Another option could be to have an operator that watches NADs (with specific annotations) and updates the config map. We would still need to tackle the config map updating process first and some of the above questions still stand.

from macvtap-cni.

maiqueb avatar maiqueb commented on September 28, 2024

I think we should answer these questions:

  1. What problem are we trying to solve, or how do we think this alternative is better than a config map?

Simplify the configuration of the macvtap interfaces.

Independently of how you see this, the whole thing of the macvtap DS requiring the configmap to exist before the DS is just not OK. At least that must change.

Since I don't envision a single use case of the device plugin without multus, I think rallying all configuration around the NAD is nice to have, since it simplifies the configuration - which is the objective.

  1. Under which name would resources requested through the NAD be advertised?

This is a good question.

We could add an attribute to the macvtap config - e.g. 'name' / 'resourceName'.

Or, if for some reason we don't want to add more attributes, we could possibly get away with something ugly like:

fmt.Sprintf("%s_%s", macvtapConfig.master, macvtapConfig.mode)
  1. How different configuration parameters, like macvtap mode and resource capacity, would be provided through the NAD?

I actually don't think 'capacity' is that important, we could just hardcode it. But OK, I that's besides the point; it would go into the spec's 'config' attribute, as we had originally.

As they were initially, e.g.

apiVersion: "k8s.cni.cncf.io/v1"
kind: NetworkAttachmentDefinition
metadata:
  name: macvtap0
  annotations:
    k8s.v1.cni.cncf.io/resourceName: macvtap.network.kubevirt.io/eth0
spec: 
  config: '{
      "cniVersion": "0.3.1",
      "name": "eth0",  # new attribute 
      "type": "macvtap",
      "master": "eth0",
      "mode": "bridge",
      "mtu": 1500
    }'
  1. If we agree that we are using the NAD for something that is not originally designed for, and depending on the answers above, do we have any concerns on how future-proof this option is?

I think you're twisting the words here a bit - at least making it sound a worse than actually is. We're using the NAD exactly for what it was designed for. But, as part of the mactap configuration, we're exposing it as a host resource.
I don't think this is much different than when you use a NAD to create a linux bridge on the host (I understand you can use the linux-bridge CNI without multus).

  1. The device plugin itself could be completely independent and could be potentially used without multus or the cni, even if we don't see a use case right now. One thing is to have dp+cni together for convenience, and something else would be to throw code that ties them together.
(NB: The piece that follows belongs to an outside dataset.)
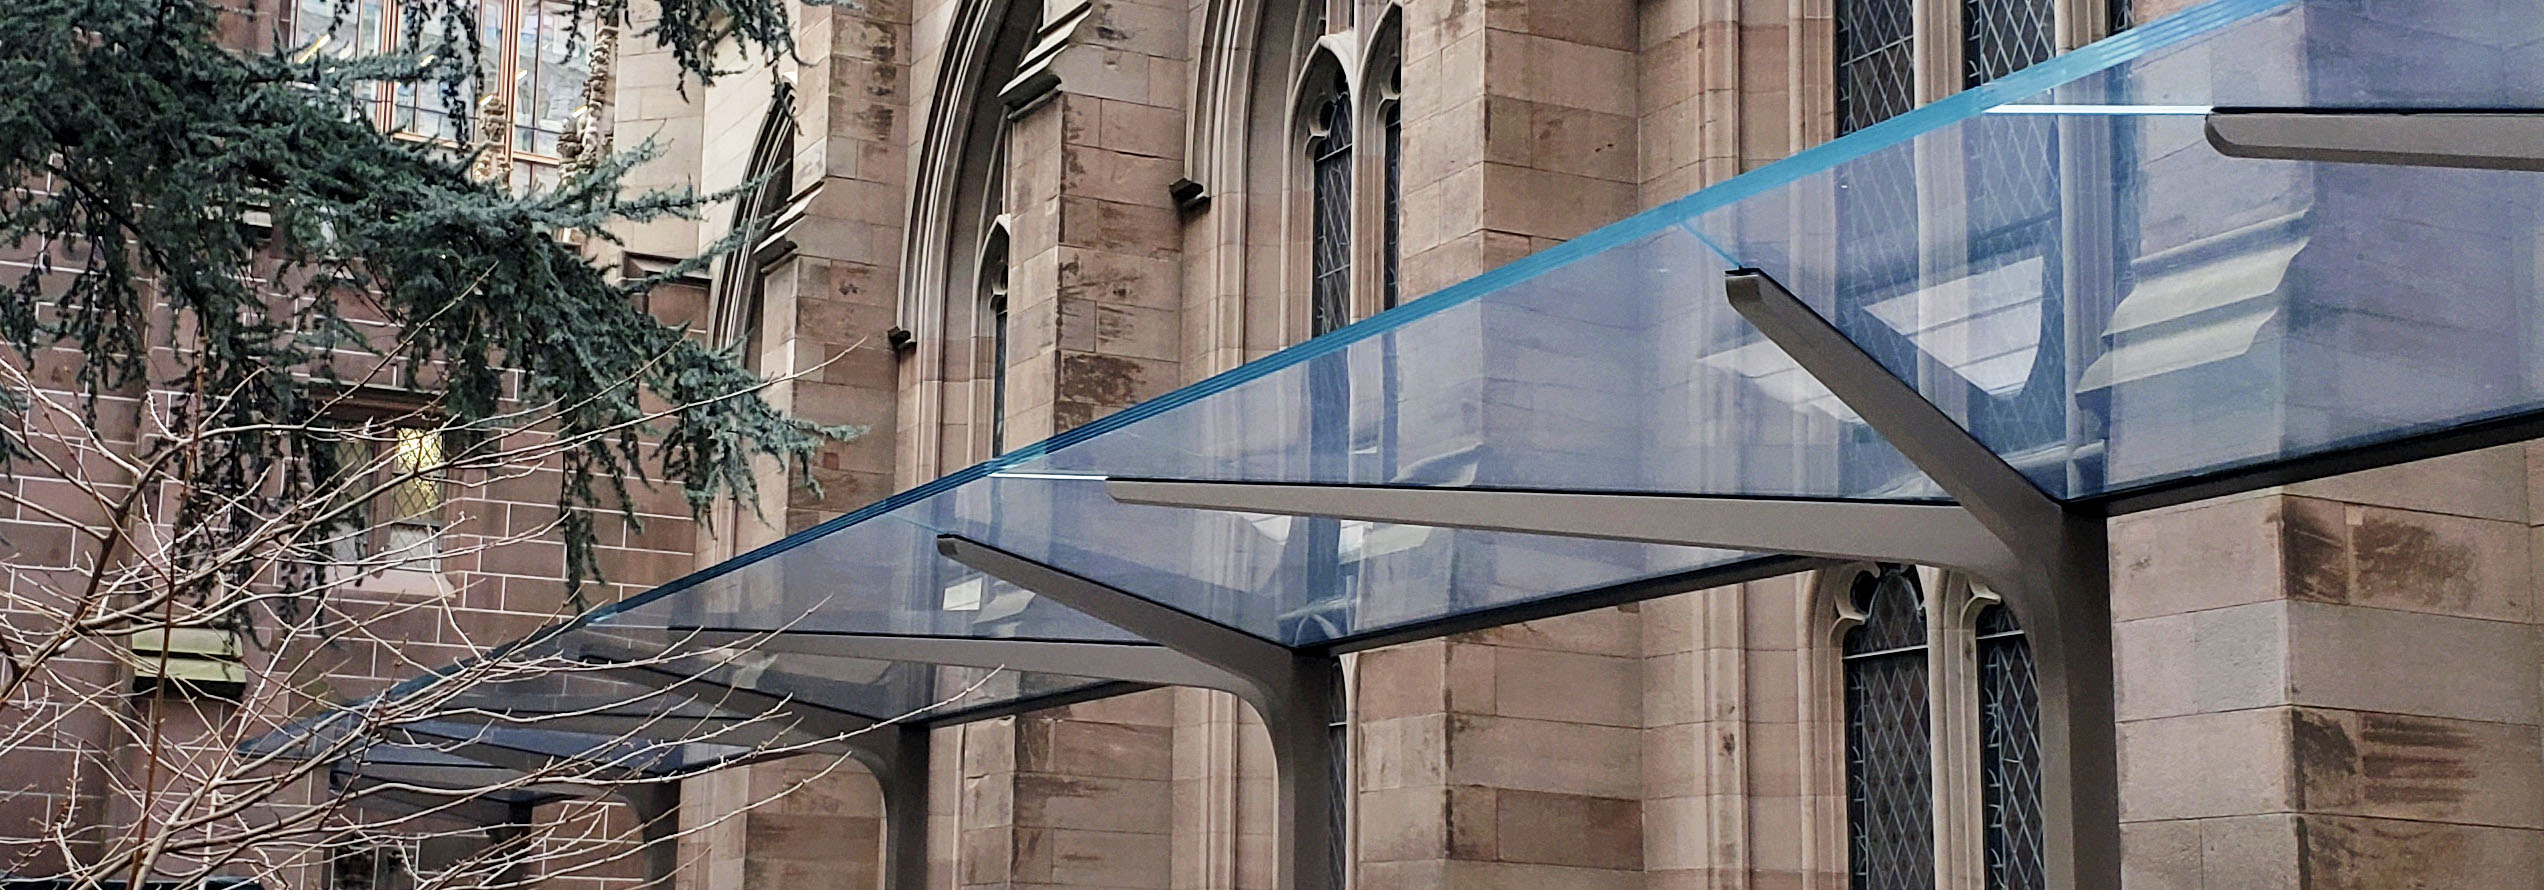 27m langes Glasvordach von seele für die Trinity Church in New York.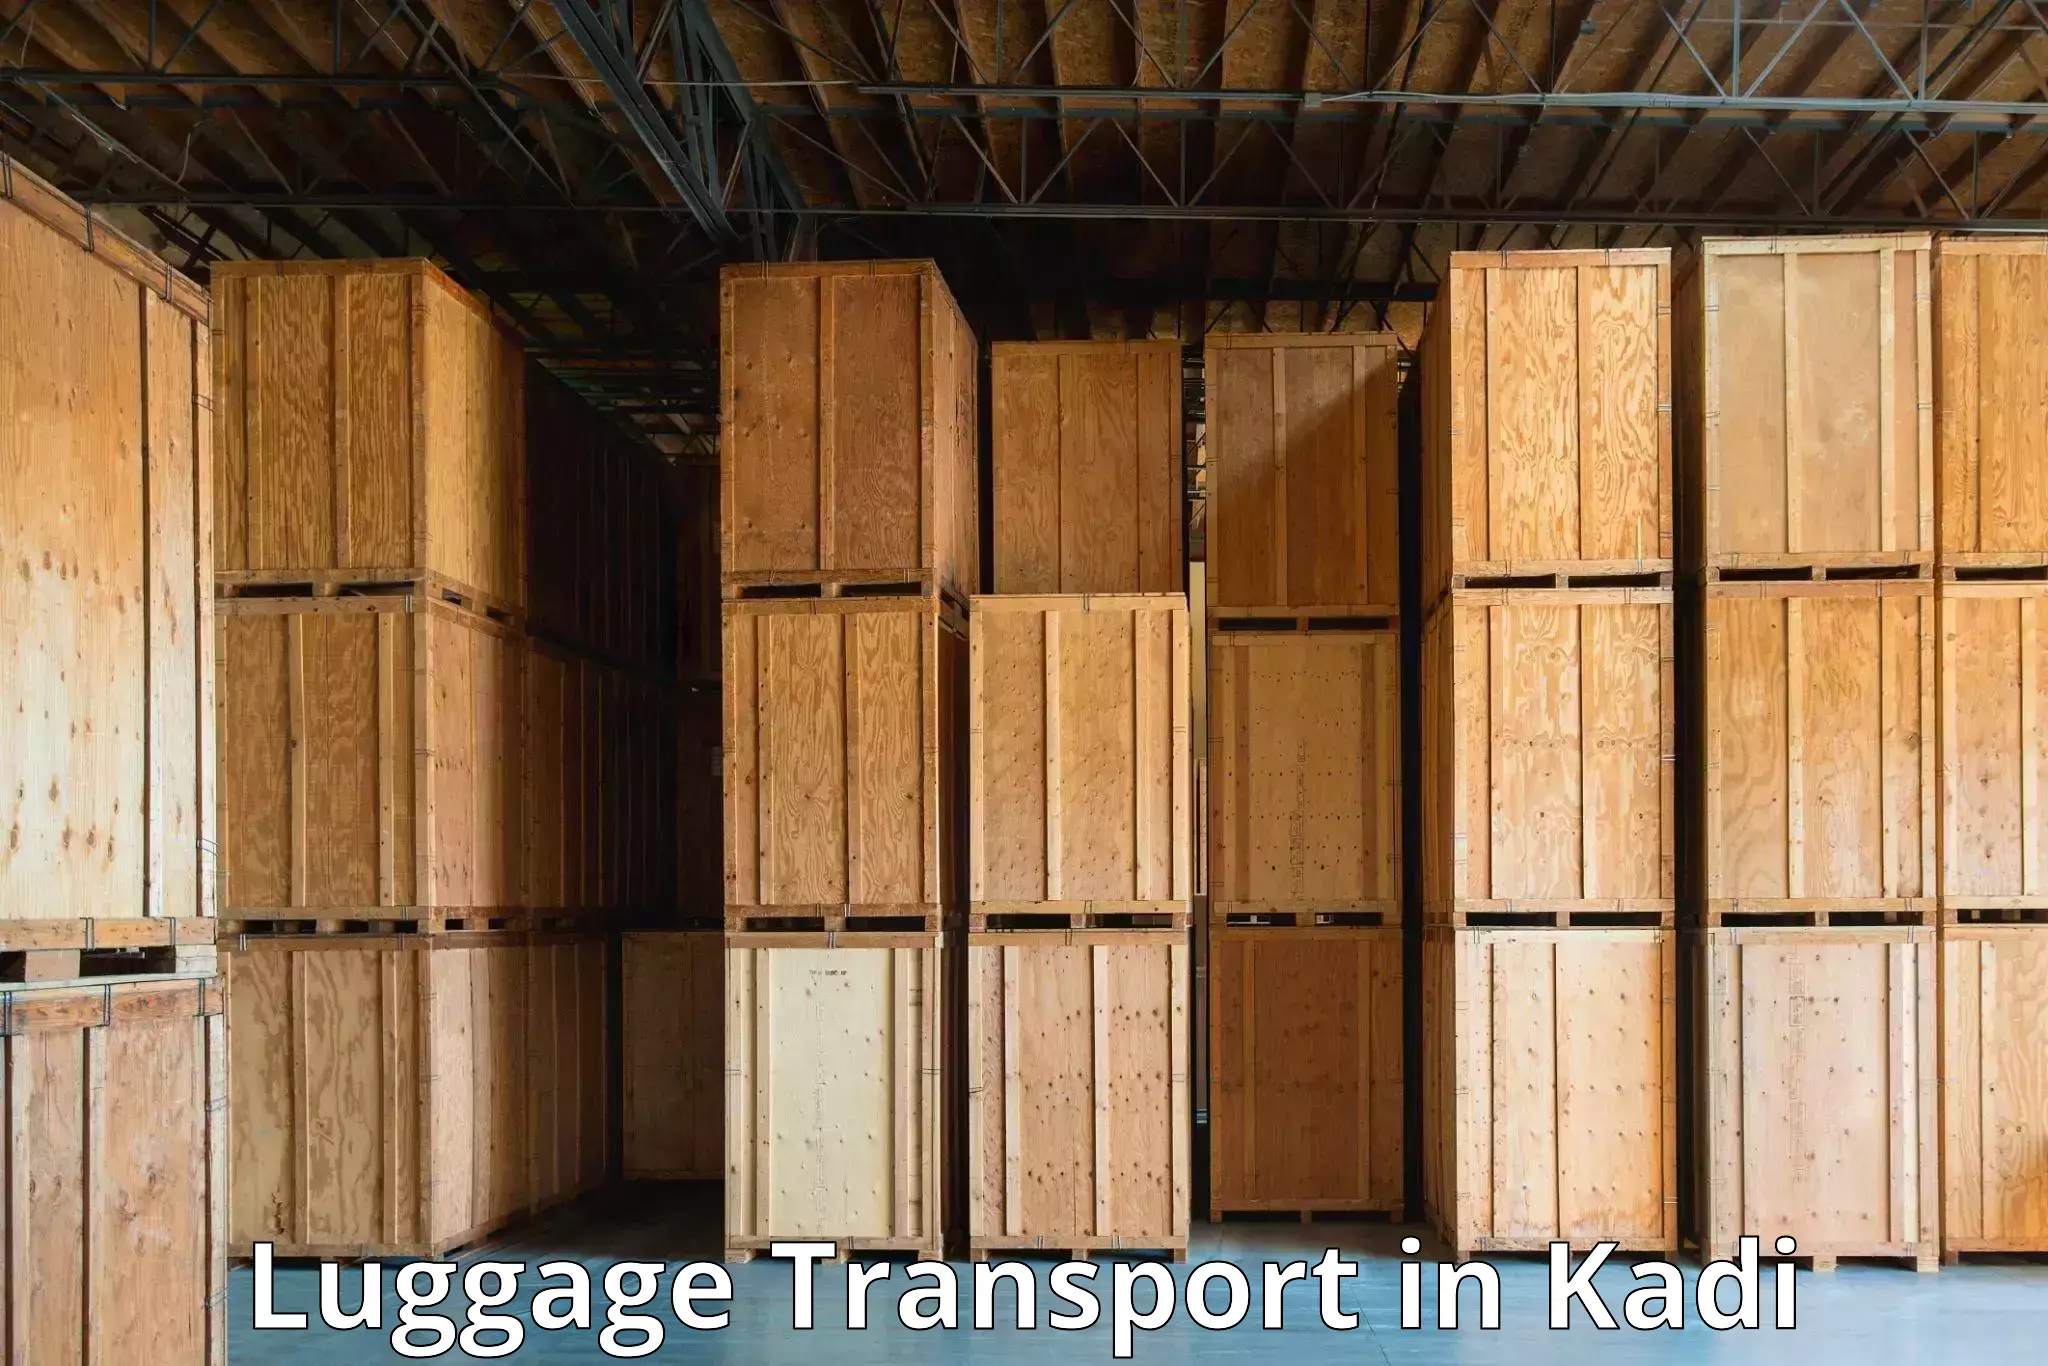 Luggage transport rates calculator in Kadi

Right. No answer for this one. But I think the strength of this argument is directly proportional to the number of use cases without multus.

from macvtap-cni.

maiqueb avatar maiqueb commented on September 28, 2024

Another option could be to have an operator that watches NADs (with specific annotations) and updates the config map. We would still need to tackle the config map updating process first and some of the above questions still stand.

This is what we're proposing, but without the configmap indirection.

Since this approach 'hides' the configmap from the user, and allows for the k8s device plugin framework to remain independent from multus, I'm quite OK with it.

While I still don't see a reason for maintaining the DP forcefully independent from multus, (e.g. no use cases) making it closed coupled does sound like a poor choice.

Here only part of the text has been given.